Tourism meta information

In [None]:
#export
@dataclass
class Yearly:
    seasonality: int = 1
    horizon: int = 6
    freq: str = 'Y'
    sheet_name: str = 'M3Year'
    name: str = 'Yearly'
    n_ts: int = 645

@dataclass
class Quarterly:
    seasonality: int = 4
    horizon: int = 8
    freq: str = 'Q'
    sheet_name: str = 'M3Quart'
    name: str = 'Quarterly'
    n_ts: int = 756

@dataclass
class Monthly:
    seasonality: int = 12
    horizon: int = 18
    freq: str = 'M'
    sheet_name: str = 'M3Month'
    name: str = 'Monthly'
    n_ts: int = 1428

@dataclass
class Other:
    seasonality: int = 1
    horizon: int = 8
    freq: str = 'D'
    sheet_name: str = 'M3Other'
    name: str = 'Other'
    n_ts: int = 174

In [None]:
#export
M3Info = Info(groups=('Yearly', 'Quarterly', 'Monthly', 'Other'),
              class_groups=(Yearly, Quarterly, Monthly, Other))

In [None]:
#exporti
def _return_year(ts):
    year = ts.iloc[0]
    year = year if year != 0 else 1970

    return year

In [None]:
#export
@dataclass
class M3(TimeSeriesDataclass):

    @staticmethod
    def load(directory: str,
             group: str) -> Tuple[pd.DataFrame, 
                                  Optional[pd.DataFrame], 
                                  Optional[pd.DataFrame]]:
        """
        Downloads and loads M3 data.

        Parameters
        ----------
        directory: str
            Directory where data will be downloaded.
        group: str
            Group name.
            Allowed groups: 'Yearly', 'Quarterly', 'Monthly', 'Other'.
            
        Notes
        -----
        [1] Returns train+test sets.
        [2] There are monthly time series without start year. 
            This time series will start with 1970.
        [3] Other time series have no start date.
            This time series will start with 1970.
        """
        path = Path(directory) / 'm3' / 'datasets'

        M3.download(directory)

        class_group = M3Info.get_group(group)
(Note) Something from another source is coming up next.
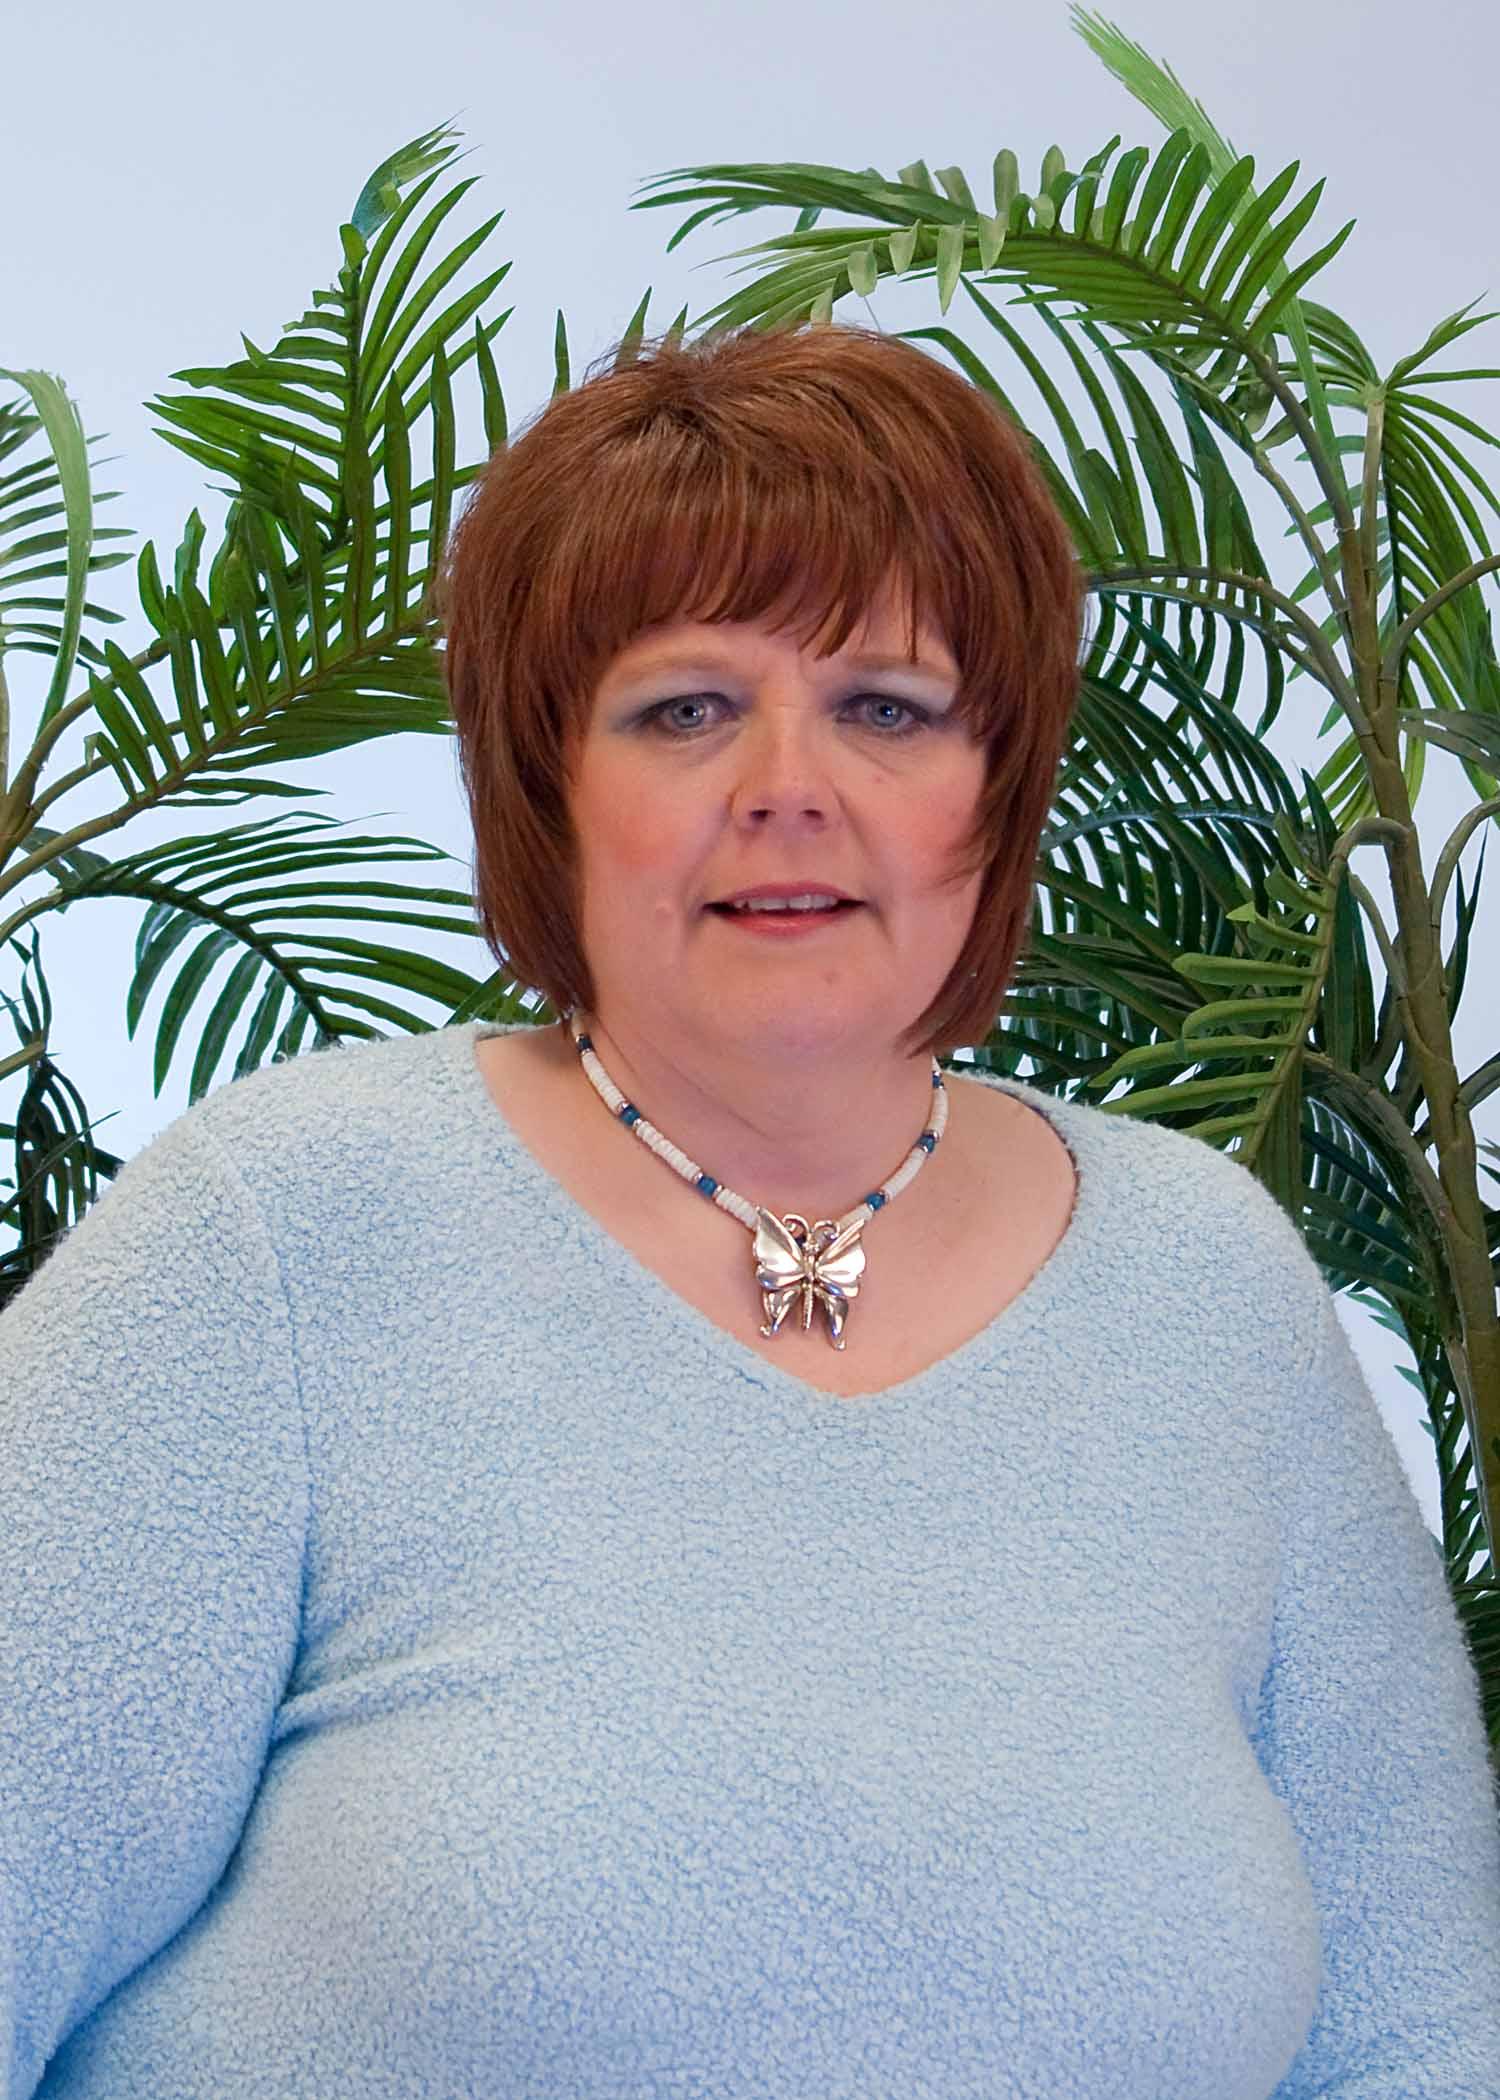 Ms. Helen Ritchie - Food Service Operations Coordinator & Health & Wellness

        df = pd.read_excel(path / 'M3C.xls', sheet_name=class_group.sheet_name)

        df = df.rename(columns={'Series': 'unique_id',
                                'Category': 'category',
                                'Starting Year': 'year',
                                'Starting Month': 'month'})

        df['unique_id'] = [class_group.name[0] + str(i + 1) for i in range(len(df))]
        S = df.filter(items=['unique_id', 'category'])

        id_vars = list(df.columns[:6])
        df = pd.melt(df, id_vars=id_vars, var_name='ds', value_name='y')
        df = df.dropna().sort_values(['unique_id', 'ds']).reset_index(drop=True)

        freq = pd.tseries.frequencies.to_offset(class_group.freq)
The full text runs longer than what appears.